As I have mentioned, I think that this "adolescence" analogy and the accompanying discussion of identity formation may be suitably applied to our present state of development as a species. Numerous scholars have observed that humanity is currently traversing the gap between what I will call a subjective world view and the purely objective world view of science. August Comte, writing in the nineteenth century, made this observation in terms of metaphysical belief systems yielding to a positivist (i.e., scientific) belief system; similarly, in the present day, many technology buffs, having fully embraced the scientific ethos, are now speaking of a transition from the digital age to the virtual or cyber-age (i.e., from interface to cyberspace).
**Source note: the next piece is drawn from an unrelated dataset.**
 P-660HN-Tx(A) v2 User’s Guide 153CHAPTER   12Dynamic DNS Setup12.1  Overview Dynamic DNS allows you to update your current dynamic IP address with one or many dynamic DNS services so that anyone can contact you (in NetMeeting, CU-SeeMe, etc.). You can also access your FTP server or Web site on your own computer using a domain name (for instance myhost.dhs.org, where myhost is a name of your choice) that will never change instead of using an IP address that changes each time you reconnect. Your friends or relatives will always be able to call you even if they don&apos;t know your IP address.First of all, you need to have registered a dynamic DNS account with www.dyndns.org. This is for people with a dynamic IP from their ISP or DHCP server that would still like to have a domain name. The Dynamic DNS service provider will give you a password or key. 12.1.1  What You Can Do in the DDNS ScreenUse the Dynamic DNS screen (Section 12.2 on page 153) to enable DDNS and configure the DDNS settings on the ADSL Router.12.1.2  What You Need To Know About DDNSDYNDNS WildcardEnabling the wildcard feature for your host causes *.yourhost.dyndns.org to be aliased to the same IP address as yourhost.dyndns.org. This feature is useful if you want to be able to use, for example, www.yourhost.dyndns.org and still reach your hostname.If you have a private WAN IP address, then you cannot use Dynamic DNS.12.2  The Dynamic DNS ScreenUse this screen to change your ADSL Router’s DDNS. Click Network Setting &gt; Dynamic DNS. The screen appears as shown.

In this last case, the vanguard ushering in this (re)evolutionary transition is Virtual Reality (VR) technology. At present, the theoretical potential of this new technology is "virtually" unbounded; whatever its potential applications, it will require us to reconceptualize our most fundamental definitions of what it means to be human: just how so, will be discussed shortly. The point to be made, here, is that technology is progressing at such a rate that it is almost requiring individuals to re-integrate themselves with each new development. A difficulty or failure to do so may result in an identity crisis and the adoption of a negative identity. Thus far the discussion has centred on the implications of technological innovations for people in industrialized nations, it has said nothing of the implications of advanced technologies for non-industrialized nations. One has to ask how individuals in these nations are going to cope with the prospects of rapid industrialization as a necessity for survival in the global market. An additionally poignant question concerns the effect(s) such developments will have on the process of identity formation for both the individual and the nation. Unfortunately, due to space considerations, discussion of these questions must be reserved for other forums.
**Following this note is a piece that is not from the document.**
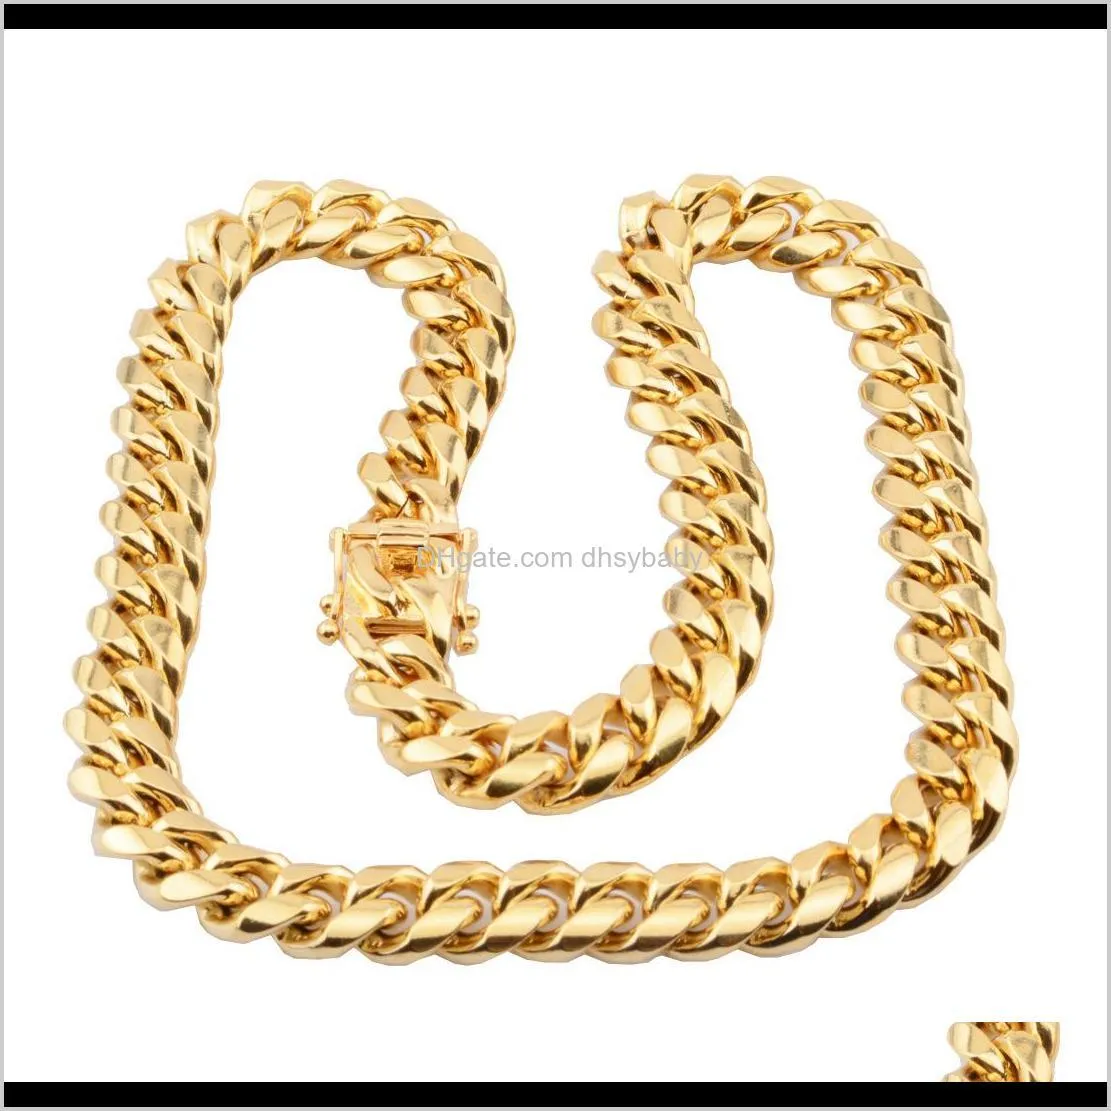 luxury designer mens necklace gold chain stainless steel jewelry hip hop cuban link rapper accessories fashion jewellery

In scientific circles VR technology is being spoken of in somewhat Nietzschean terms as providing "the bridge over the abyss": that is, as providing the material means by which humanity will become superhuman, or at least take its next evolutionary leap. And what does this leap entail, but a merging or direct interaction with pure information. This aspect of VR technology and its implications for human development will be discussed briefly in what follows.

If the preceding statement regarding direct human- information interaction sounds vaguely Platonic to the reader, then he/she would not be far from the truth. One writer, Michael Heim (1993), has suggested that VR and/or cyberspace is the embodiment of Platonism. Consider Plato's metaphor of the Cave for example. In this story, Plato describes the lot of people caught in the prison of corporeality. With their attention fixed upon the flickering shadows cast by a physical fire, the prisoners take these images, i.e. sensory objects, to be the highest and most interesting reality. Only when they are able to break free of their corporeal bonds and, thus, leave the Cave do they come to perceive the real form of things, things palpable not to the physical eye but to the mind's eye. In Plato's terms, this is the universal, intelligible world: a realm of active thought. In this realm truth is laid bare, stripped of the imprecise and distorted raiment given by the physical senses. As Plato also writes, the way to this higher truth is not open to all. Formal training, education, is needed to redirect one's gaze beyond the superficial sensory realm; once trained, love (Eros) will guide the mind to the Forms of the intellect. In VR the user, or cybernaut, is very much lost to the trappings of the phenomenal world and is, instead, immersed in a world of digitized Forms: a landscape of pure information.

It should be noted that cyberspace is not to be considered Platonic in a literal sense, but in a distinctly modern and empirical sense. In cyberspace, information does not exist as pure concepts or formulae, but as proceeding from such and represented as well-formed cyberspatial entities. In essence, what VR does is take information and translate it into empirical referents that otherwise seem to possess the ideality of Plato's Forms. As Michael Heim (1993) writes, "the mathematical machine [the computer] uses a digital mold to reconstitute the mass of empirical material so that human consciousness can enjoy an integrity in the empirical data that would never have been possible before computers" (p. 89). Nowhere but in VR is one quite literally entreated to landscapes of pure information. Besides constituting an ontological shift, VR also carries implications for knowledge production and our relationship with our bodies in particular.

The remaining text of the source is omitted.